Draw bounding boxes, labels, and semi-transparent masks on an image.

Parameters:

Name	Type	Description	Default
image	np.ndarray	The input image on which detections will be drawn.	required
boxes	list[list[int]]	List of bounding boxes represented as (x1, y1, x2, y2).	required
scores	list[float]	Confidence scores for every box.	required
class_ids	list[int]	Class IDs corresponding to each detection.	required
mask_alpha	float	Transparency of the drawn mask, default is DEFAULT_MASK_ALPHA.	DEFAULT_MASK_ALPHA

Returns:

Type	Description
np.ndarray	The annotated image with drawn detections.
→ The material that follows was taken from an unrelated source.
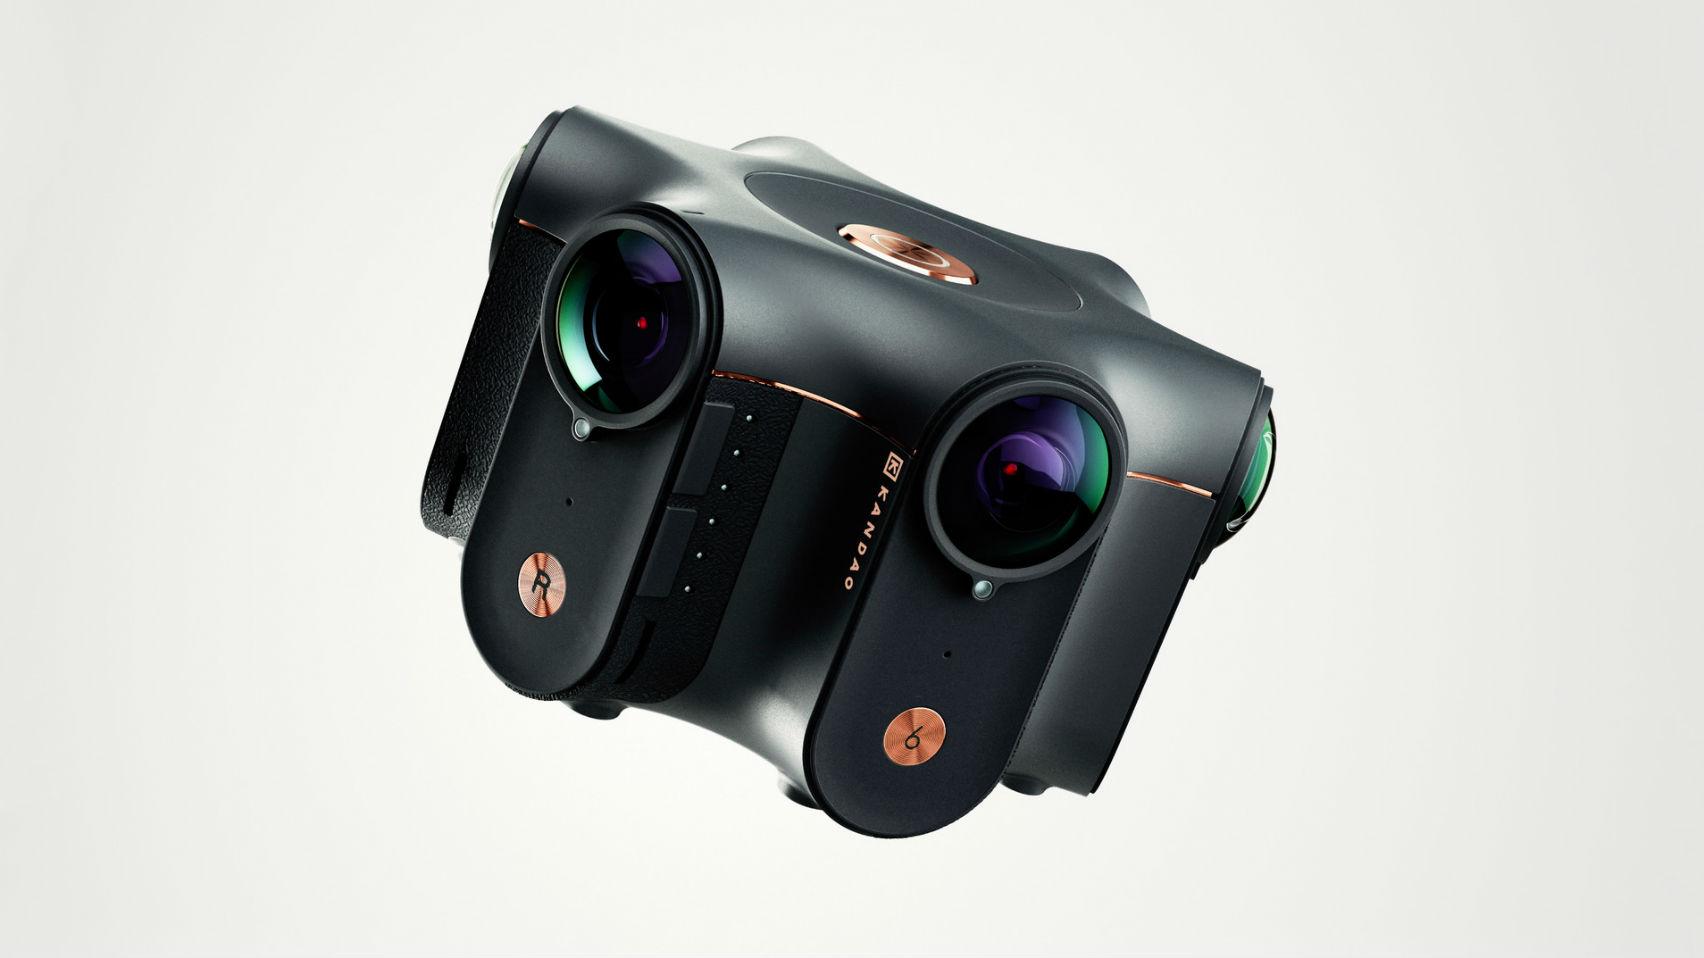 Kandao Obsidian 3D 360-degree VR Camera, by JU&KE creative design

Source code in color_correction/utils/yolo_utils.py

def draw_detections(
    image: np.ndarray,
    boxes: list[list[int]],
    scores: list[float],
    class_ids: list[int],
    mask_alpha: float = DEFAULT_MASK_ALPHA,
) -> np.ndarray:
    """
    Draw bounding boxes, labels, and semi-transparent masks on an image.

    Parameters
    ----------
    image : np.ndarray
        The input image on which detections will be drawn.
    boxes : list[list[int]]
        List of bounding boxes represented as (x1, y1, x2, y2).
    scores : list[float]
        Confidence scores for every box.
    class_ids : list[int]
        Class IDs corresponding to each detection.
    mask_alpha : float, optional
        Transparency of the drawn mask, default is DEFAULT_MASK_ALPHA.

    Returns
    -------
    np.ndarray
        The annotated image with drawn detections.
    """
    det_img = image.copy()
    img_height, img_width = image.shape[:2]

    # Calculate font and text properties based on image size
    font_size = min([img_height, img_width]) * 0.0005
    text_thickness = int(min([img_height, img_width]) * 0.001)

    # Draw masks first (background layer)
    det_img = draw_masks(det_img, boxes, class_ids, mask_alpha)

    # Draw boxes and labels (foreground layer)
    for class_id, box, score in zip(class_ids, boxes, scores, strict=False):
        color = COLORS[class_id]
        draw_box(det_img, box, color)

        # Create and draw label
        label = f"{class_names[class_id]} {int(score * 100)}%"
        draw_text(det_img, label, box, color, font_size, text_thickness)

    return det_img

draw_box

draw_box(image: np.ndarray, box: list[int], color: tuple[int, int, int] = DEFAULT_COLOR, thickness: int = DEFAULT_THICKNESS) -> np.ndarray

Draw a single bounding box on an image.

Parameters:

Name	Type	Description	Default
image	np.ndarray	The original image.	required
box	list[int]	Bounding box coordinates in (x1, y1, x2, y2) format.	required
color	tuple[int, int, int]	Color of the box in RGB format; default is DEFAULT_COLOR.	DEFAULT_COLOR
thickness	int	Line thickness; default is DEFAULT_THICKNESS.	DEFAULT_THICKNESS

Returns:

Type	Description
np.ndarray	The image with the box drawn on it.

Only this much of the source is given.